Unnamed: 0,id,name,x,y
0,1032,Patricia,-0.980309,0.269225
1,935,Hannah,-0.846994,-0.182445
2,969,Oliver,0.482768,-0.641575
3,1079,Zelda,0.269655,0.043605
4,1022,Zelda,-0.059803,-0.727712


In [26]:
df.describe().compute()

  x = np.divide(x1, x2, out)


Unnamed: 0,id,x,y
count,2505600.0,2505600.0,2419200.0
mean,1000.039,-0.0001115737,-0.0003991555
std,31.62804,0.5770438,0.5773141
min,853.0,-0.999999,-0.9999995
25%,979.0,-0.492414,-0.4945359
50%,1000.0,0.004400842,0.008770296
75%,1022.0,0.5044882,0.5054544
max,1157.0,0.9999993,0.9999999


## Success!

To recap, in this example, we looked at an approach to create a Dask Dataframe from a collection of many data files. Typically you would use built-in functions like `dd.read_csv` or `dd.read_parquet` to do this. Sometimes, this is not possible because of messy/corrupted files in your dataset or some custom processing that might need to be done. 

In these cases, you can build a Dask DataFrame with the following steps.

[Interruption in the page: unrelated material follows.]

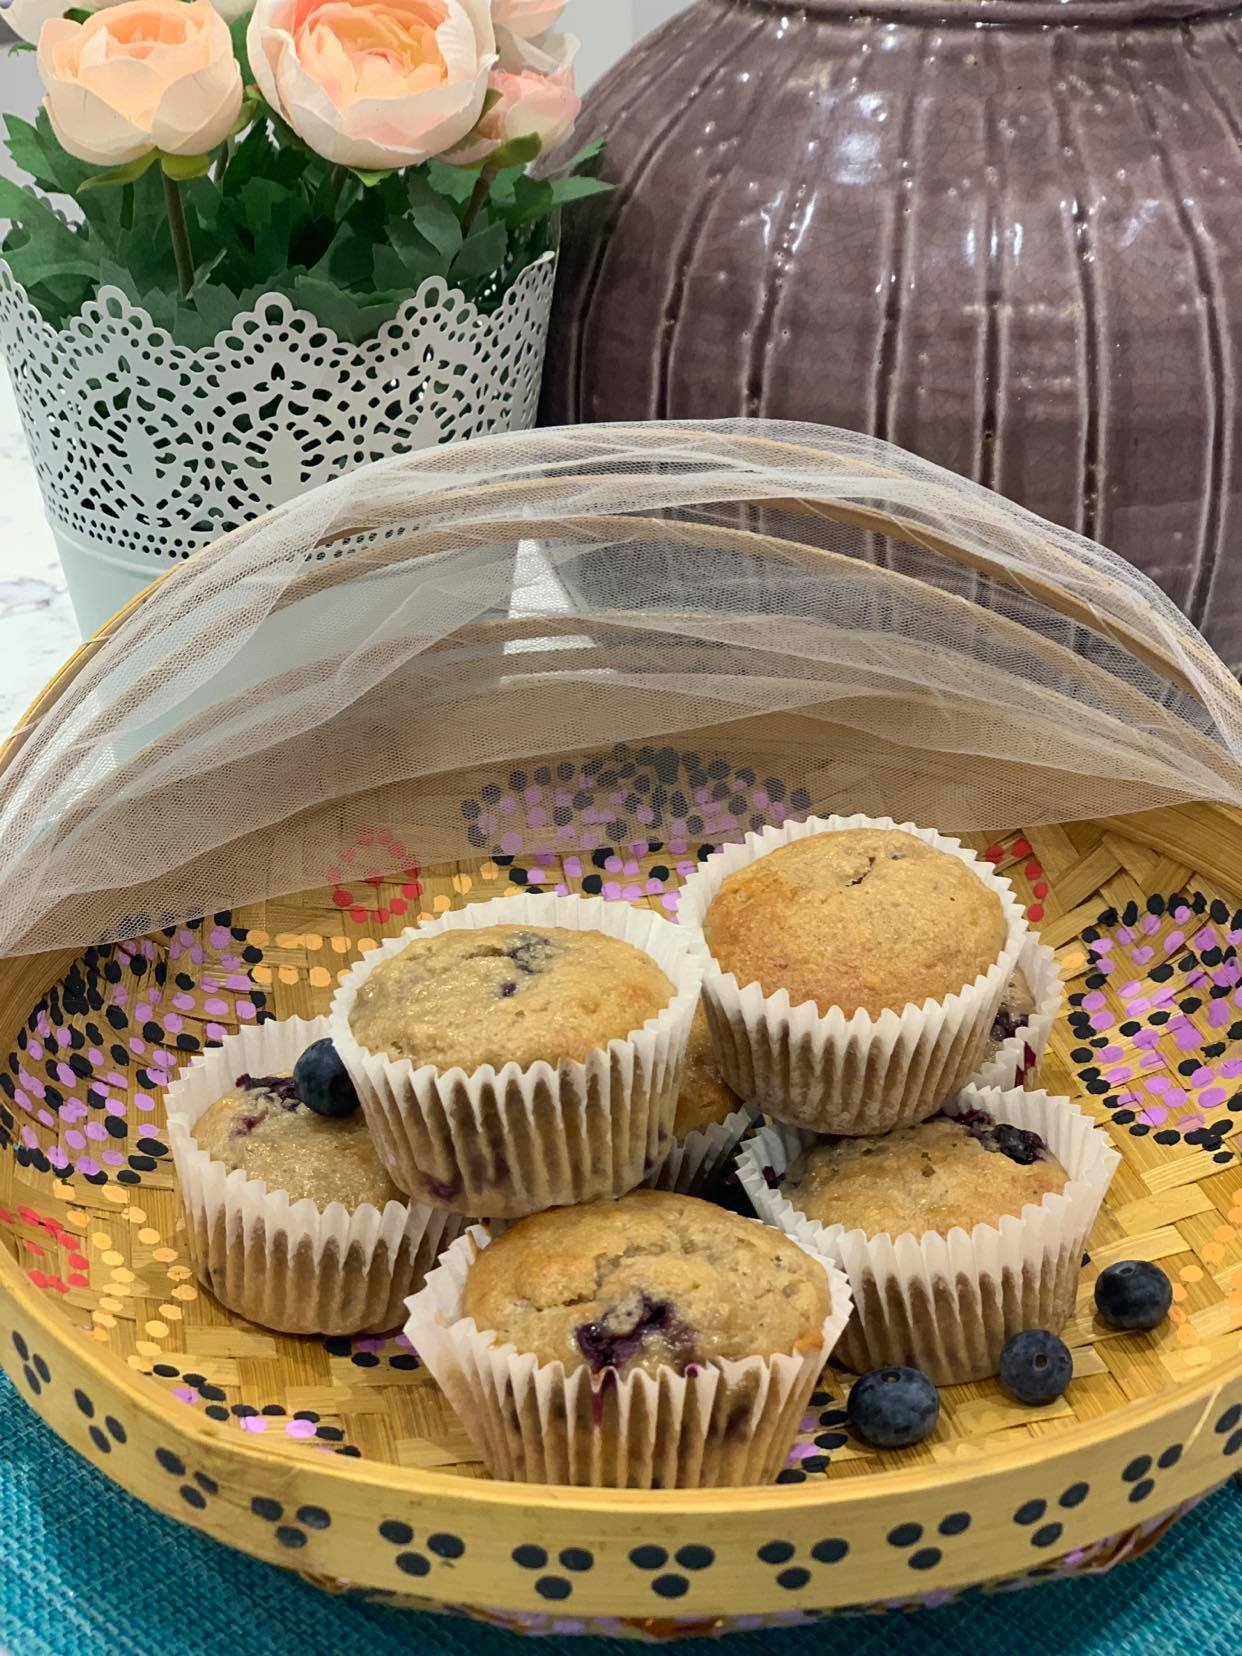 Homemade Banana and Blueberry Muffins

1. Create a regular python function that reads the data, performs any transformations, error checking etc and always returns a  Pandas dataframe with the same structure
2. Convert this read function to a delayed object using the `dask.delayed` function
3. Call each file in your dataset with the delayed data reader and assemble the output as a list of delayed objects
4. Used `dd.from_delayed` to covert the list of delayed objects to a Dask Dataframe 

This same technique can be used in other situations as well. Another example might be data files that require using a specialized reader, or several transformations before they can be converted to a pandas dataframe.